Work item:
Where a picture appears, leave it out, and transcribe all the lines below exactly.

Recorded information:
=== Begin Enclosure ===

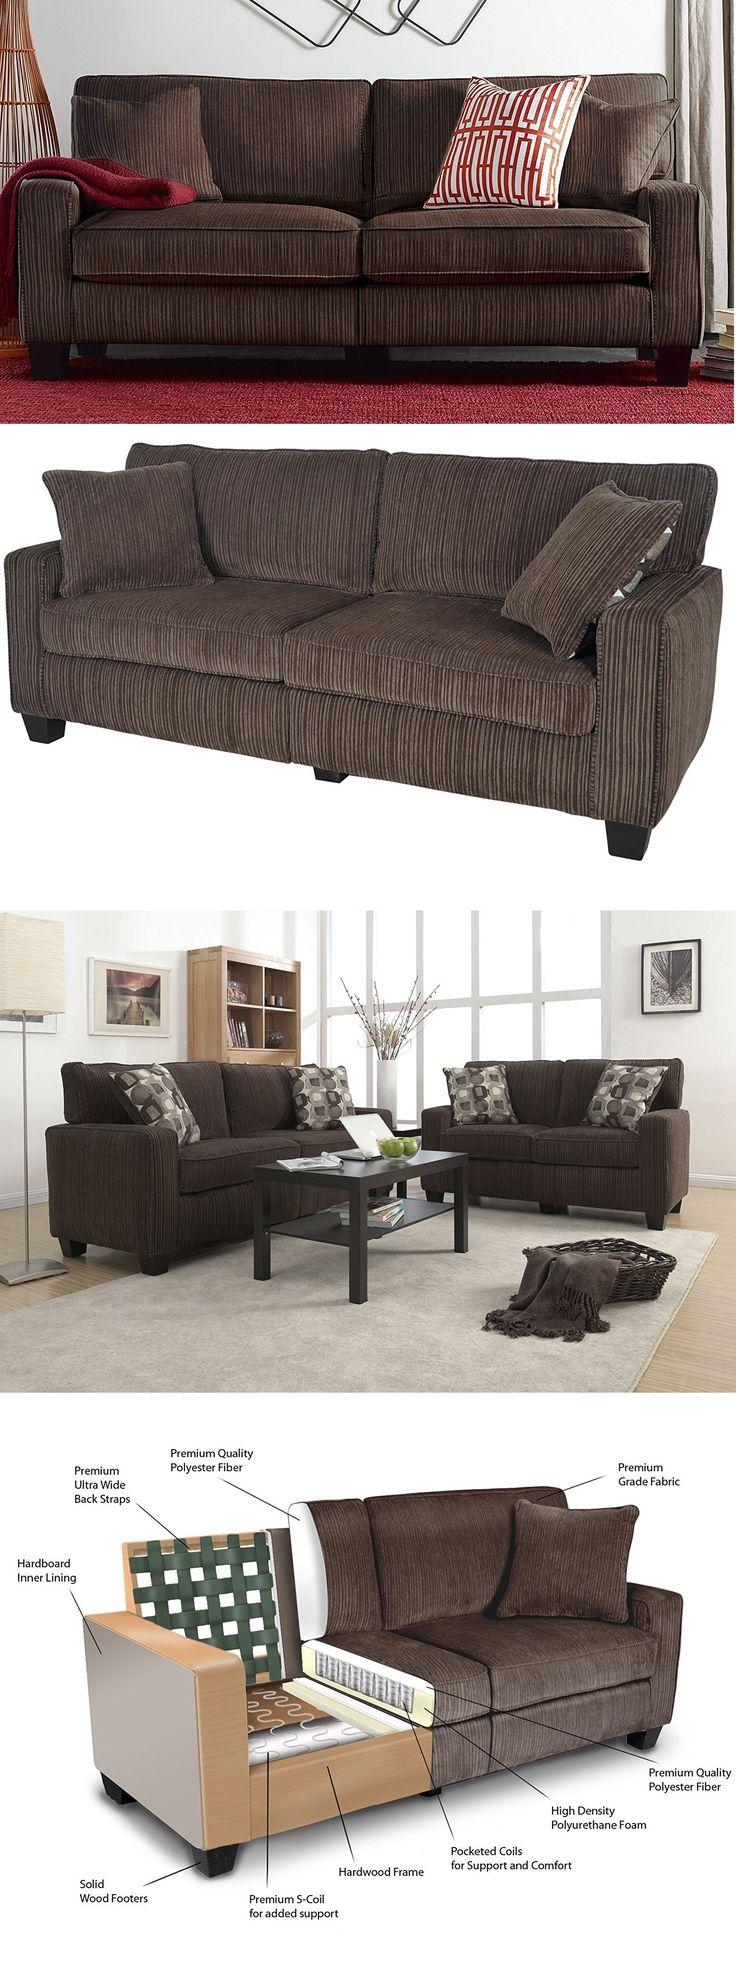 "Serta RTA Palisades Collection 78"" Sofa in Riverfront Brown #sofa #shopping  #Home #homedecor  #kitchendecor     #amazon #gift #house"
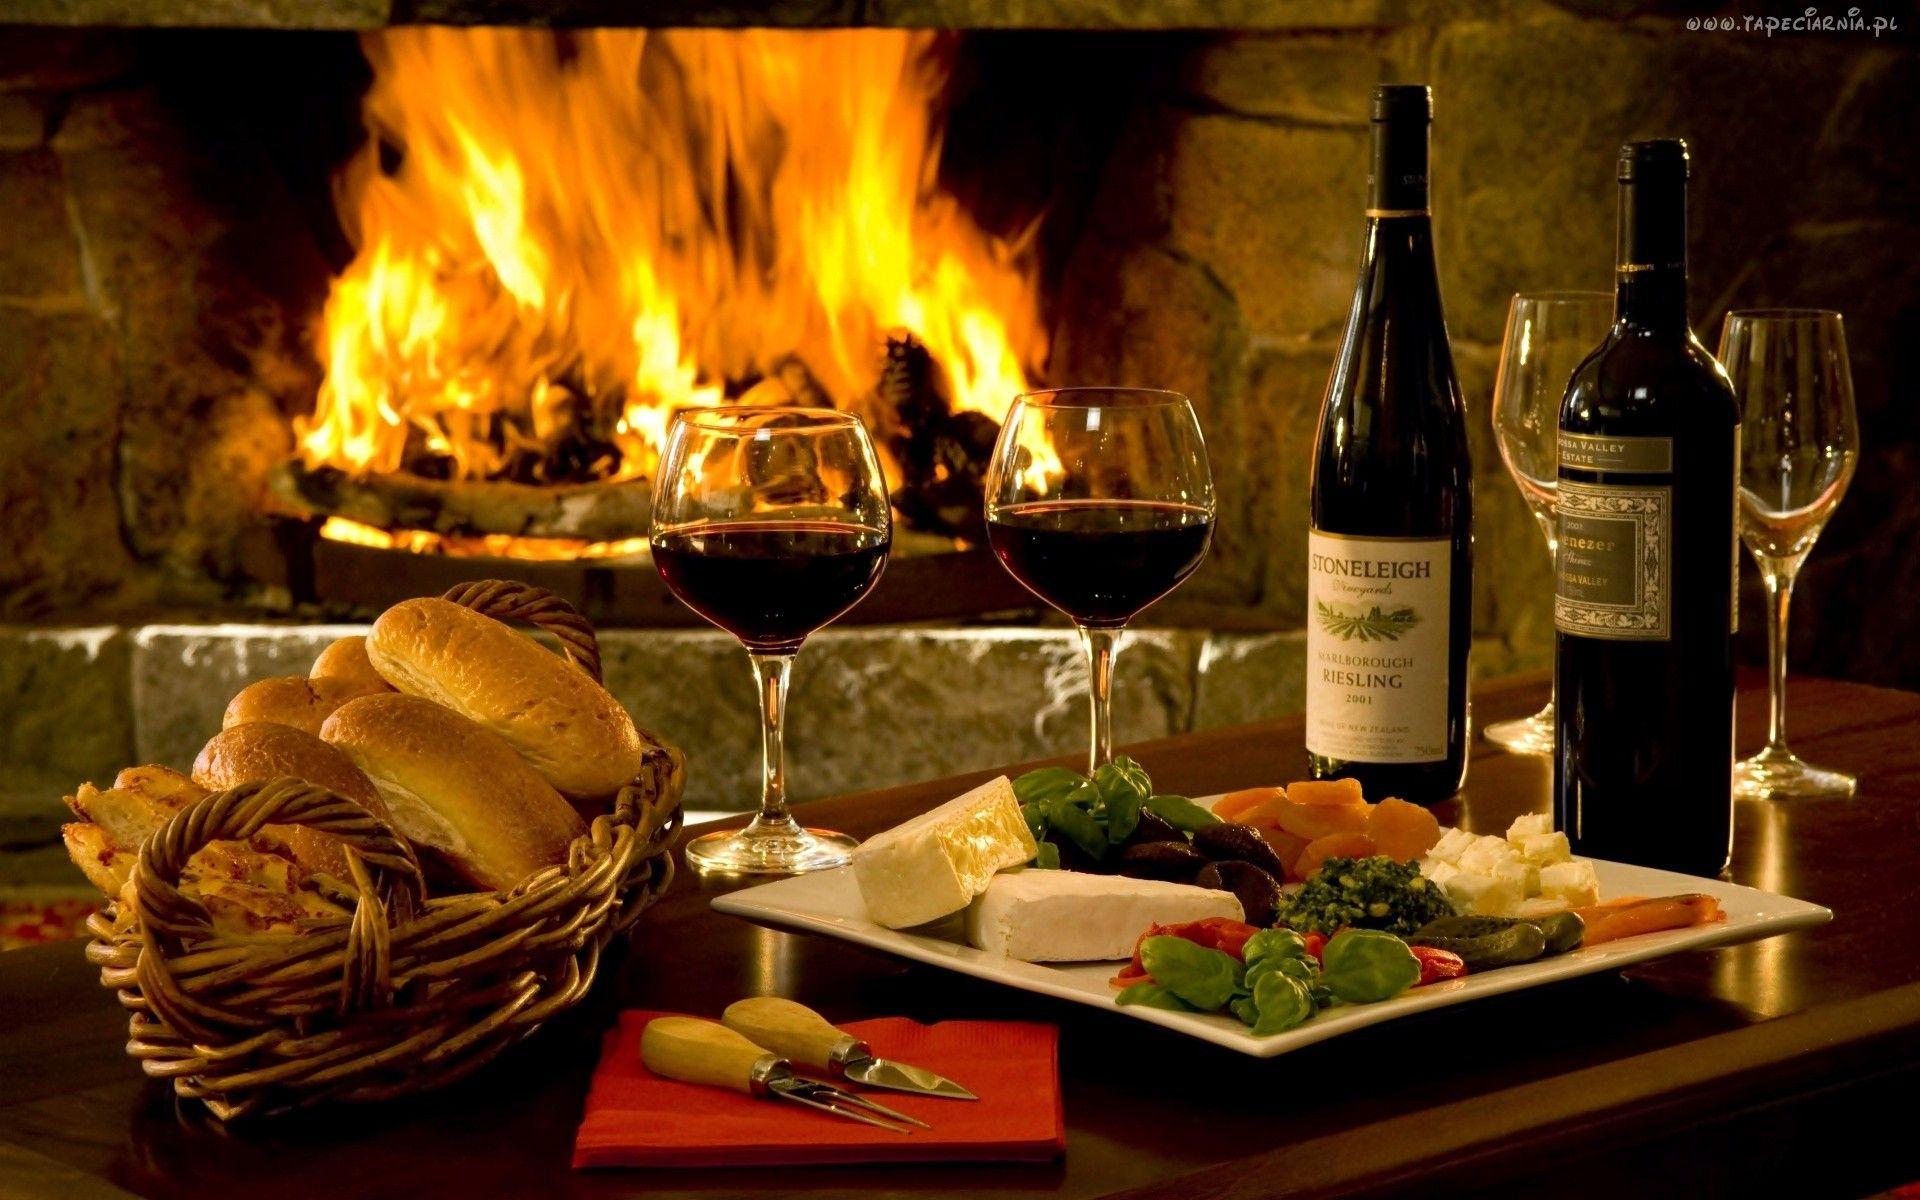 Wnetrze Kominek Ogien Wino Kieliszki Ser Bulki Wine Red Wine Romantic Dinners
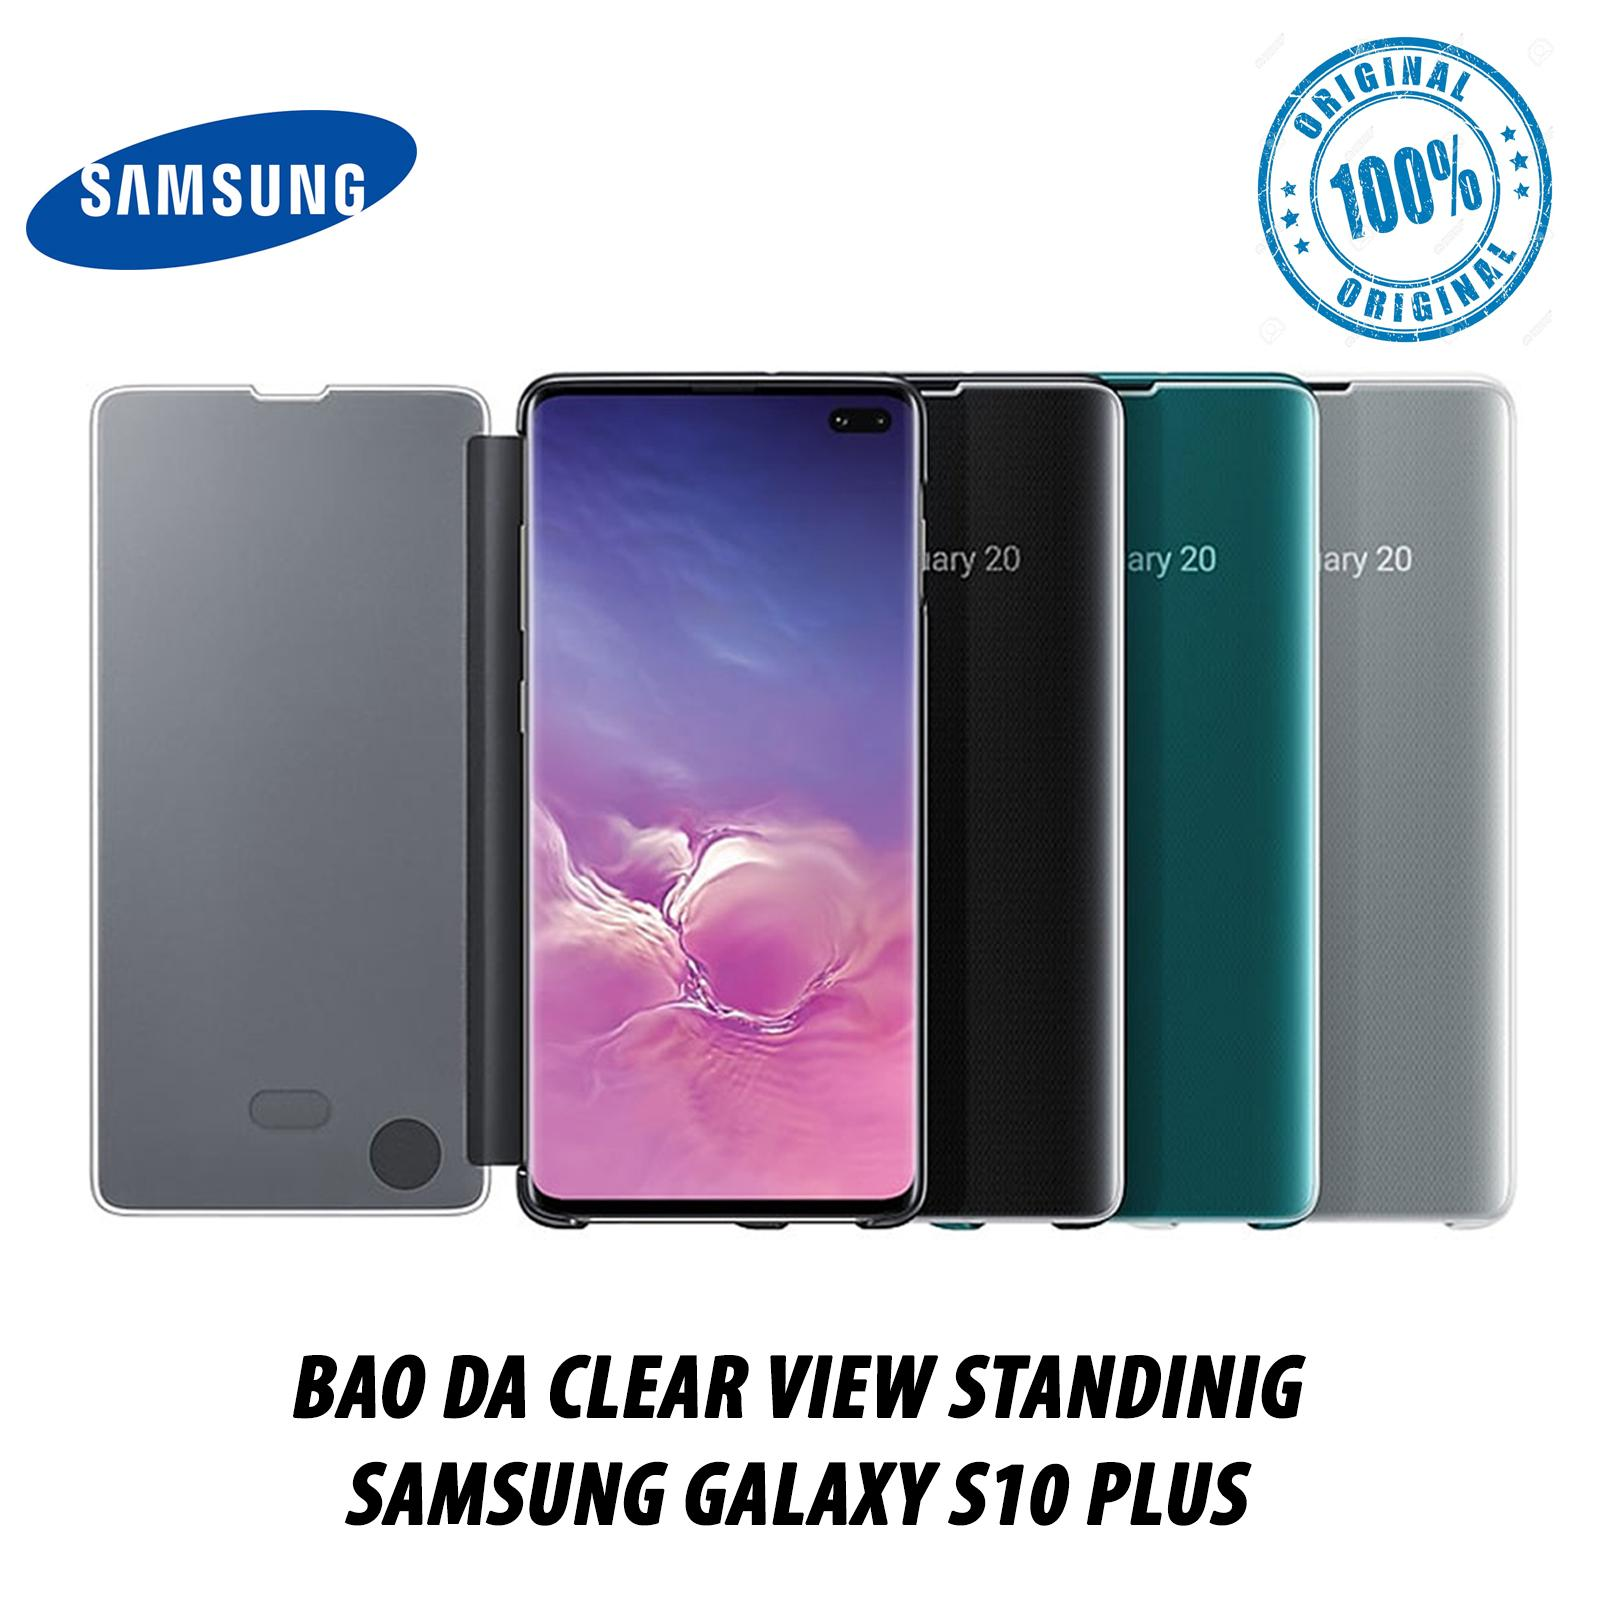 Offer Ưu Đãi Bao Da Clear View Standing Samsung Galaxy S10 Plus
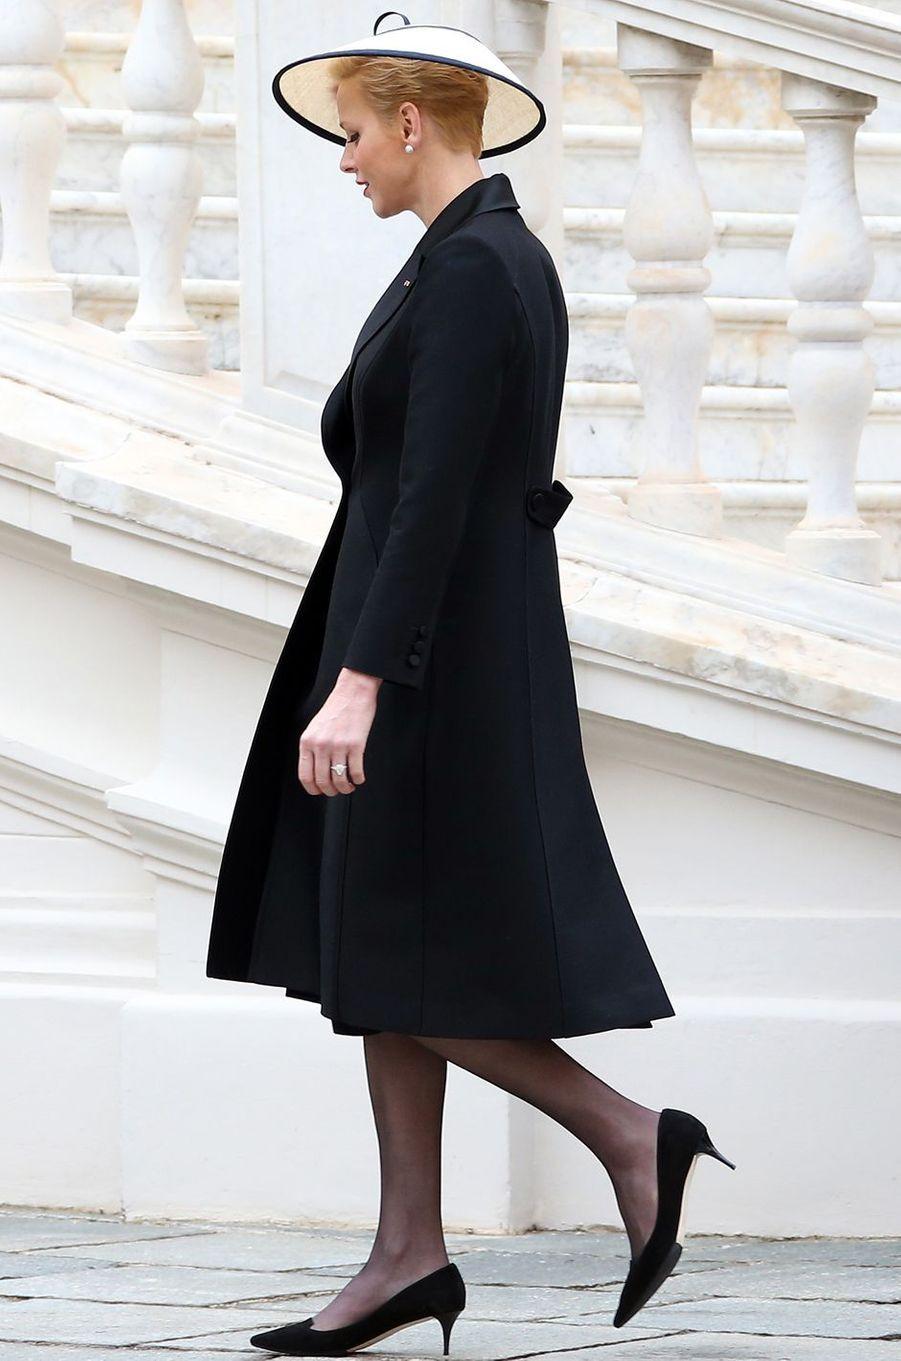 La princesse Charlène de Monaco à Monaco le 19 novembre 2016

=== End Enclosure ===

Task answer:
 "Serta RTA Palisades Collection 78"" Sofa in Riverfront Brown #sofa #shopping  #Home #homedecor  #kitchendecor     #amazon #gift #house"
 Wnetrze Kominek Ogien Wino Kieliszki Ser Bulki Wine Red Wine Romantic Dinners
 Offer Ưu Đãi Bao Da Clear View Standing Samsung Galaxy S10 Plus
 La princesse Charlène de Monaco à Monaco le 19 novembre 2016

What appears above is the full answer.